Everything from the line holding "Chess.com 宣布与夏洛特国际象棋中心建立合作伙伴关系" to the last line of the material below must be retyped exactly, minus any pictures.

→ THE DATA:
......
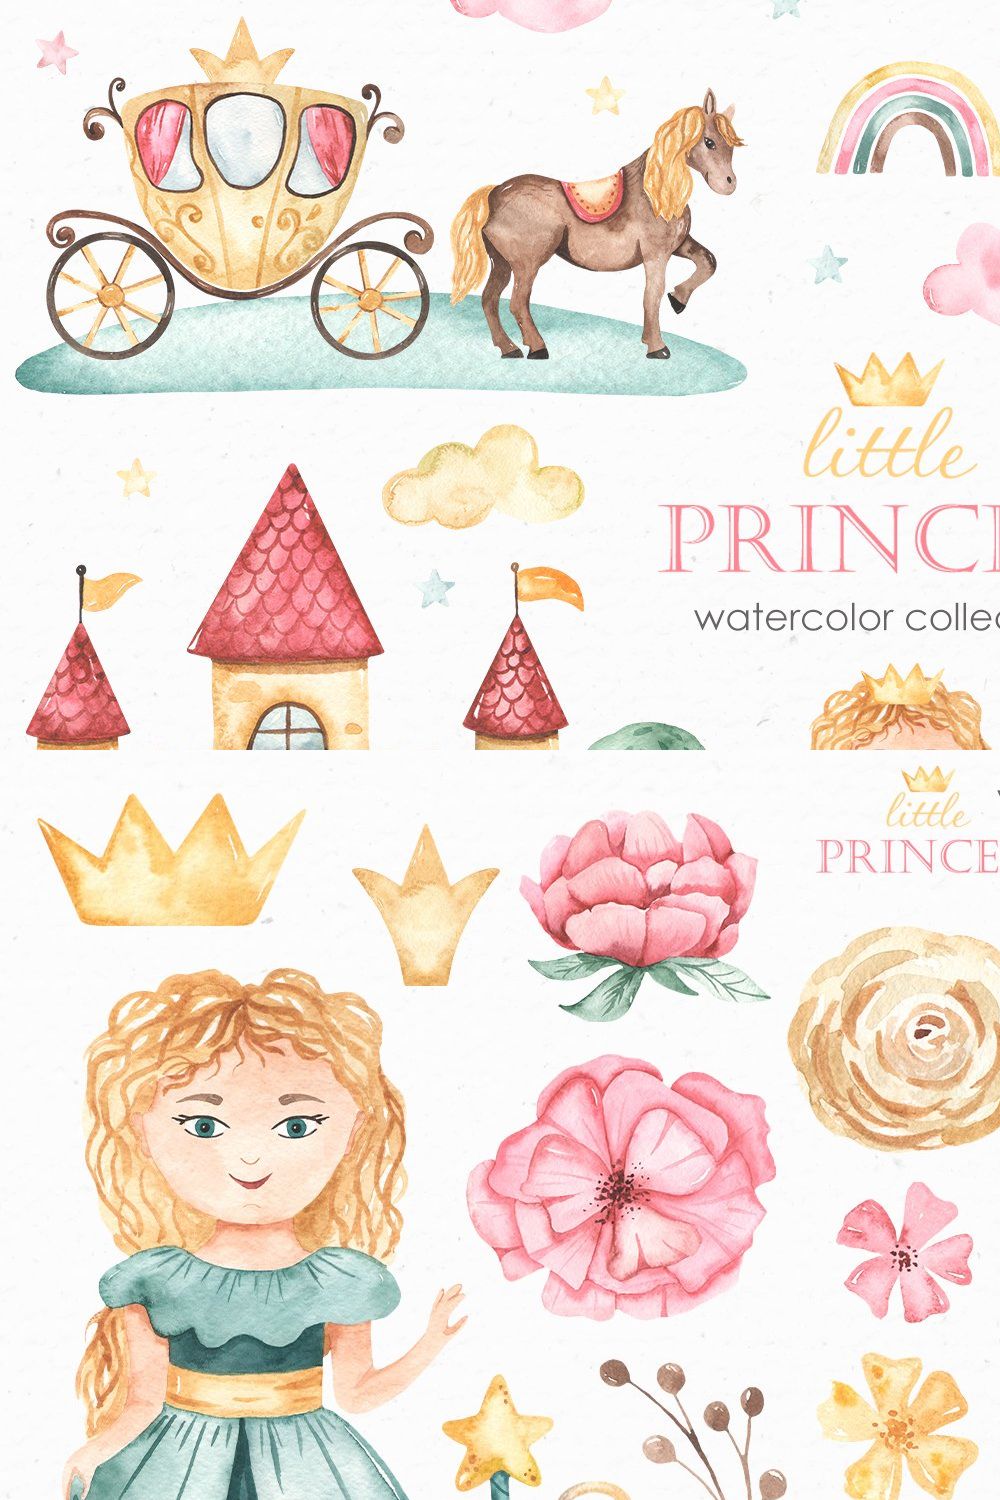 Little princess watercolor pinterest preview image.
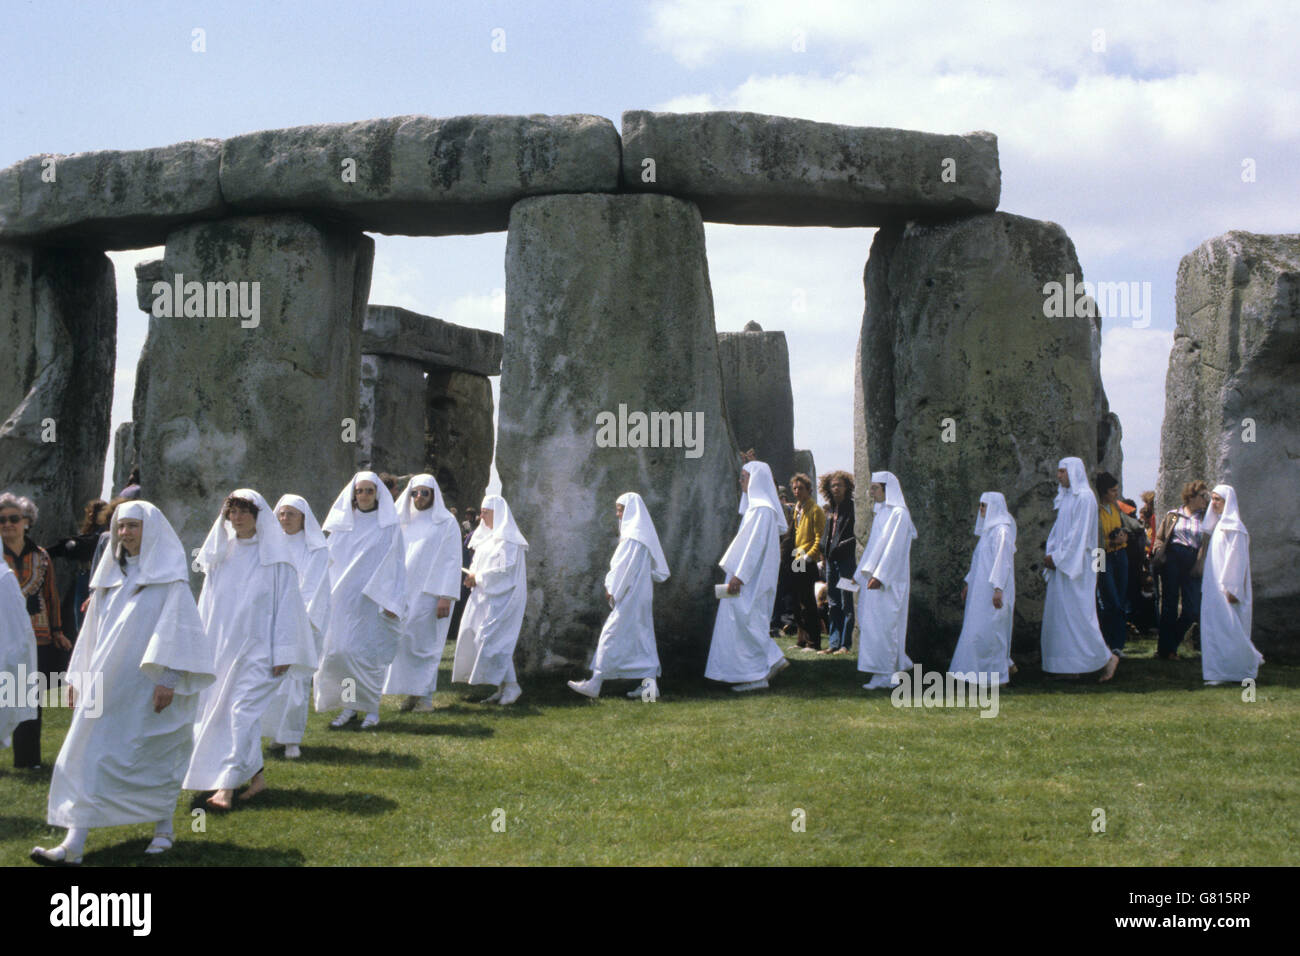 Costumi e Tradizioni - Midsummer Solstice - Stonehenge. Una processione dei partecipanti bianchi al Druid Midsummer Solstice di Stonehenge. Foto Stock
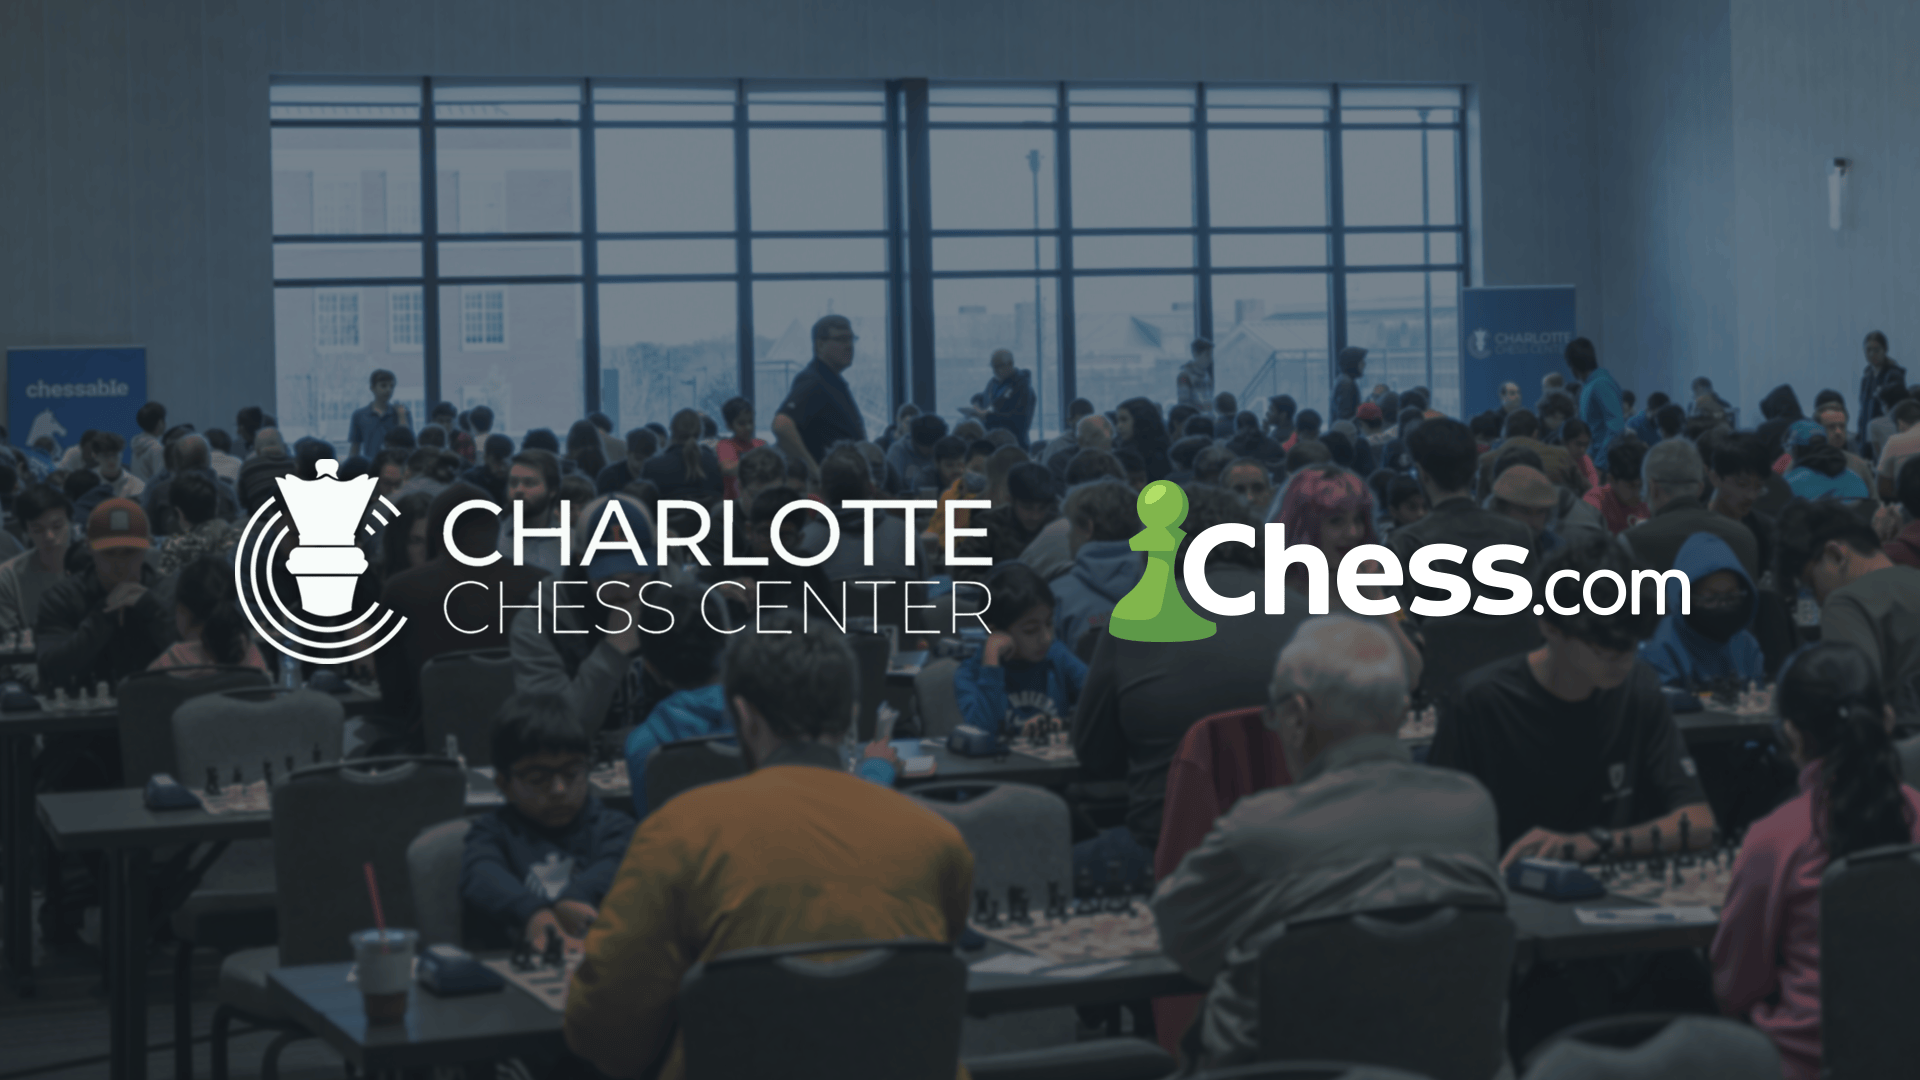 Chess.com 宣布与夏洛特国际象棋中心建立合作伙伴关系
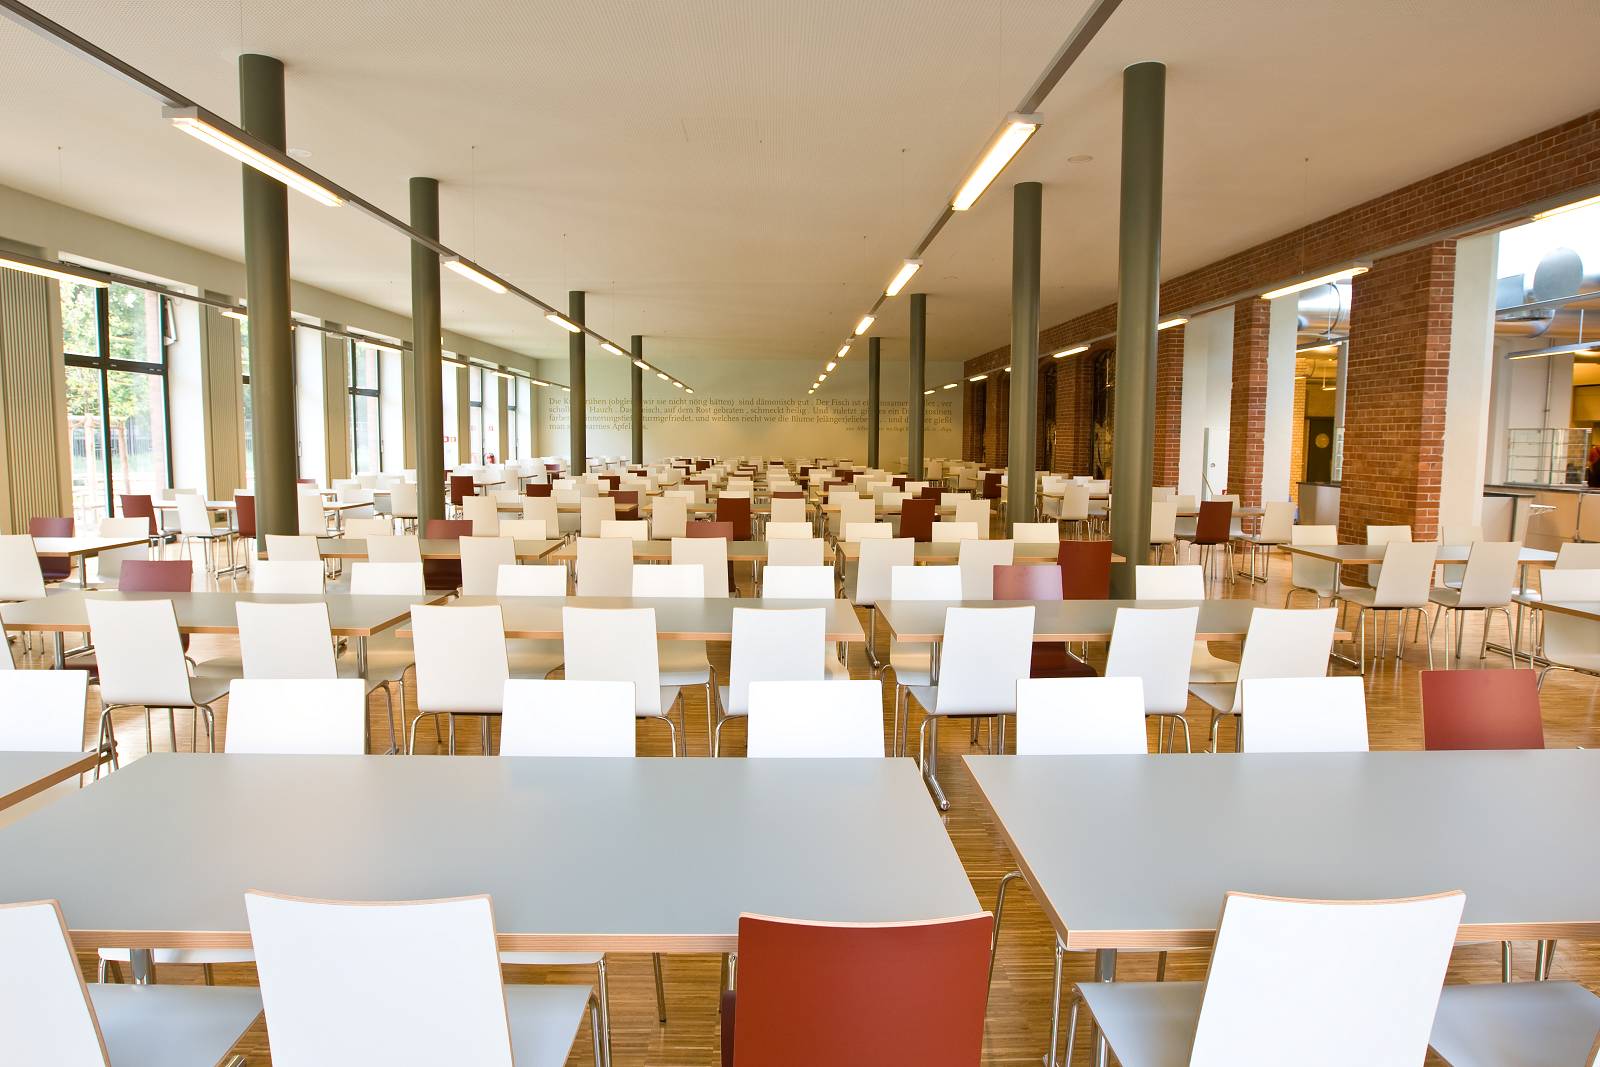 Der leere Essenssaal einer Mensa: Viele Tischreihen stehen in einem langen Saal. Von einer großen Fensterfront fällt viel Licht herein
......
→ SOLUTION TO THE PROBLEM:
 Chess.com 宣布与夏洛特国际象棋中心建立合作伙伴关系
 Der leere Essenssaal einer Mensa: Viele Tischreihen stehen in einem langen Saal. Von einer großen Fensterfront fällt viel Licht herein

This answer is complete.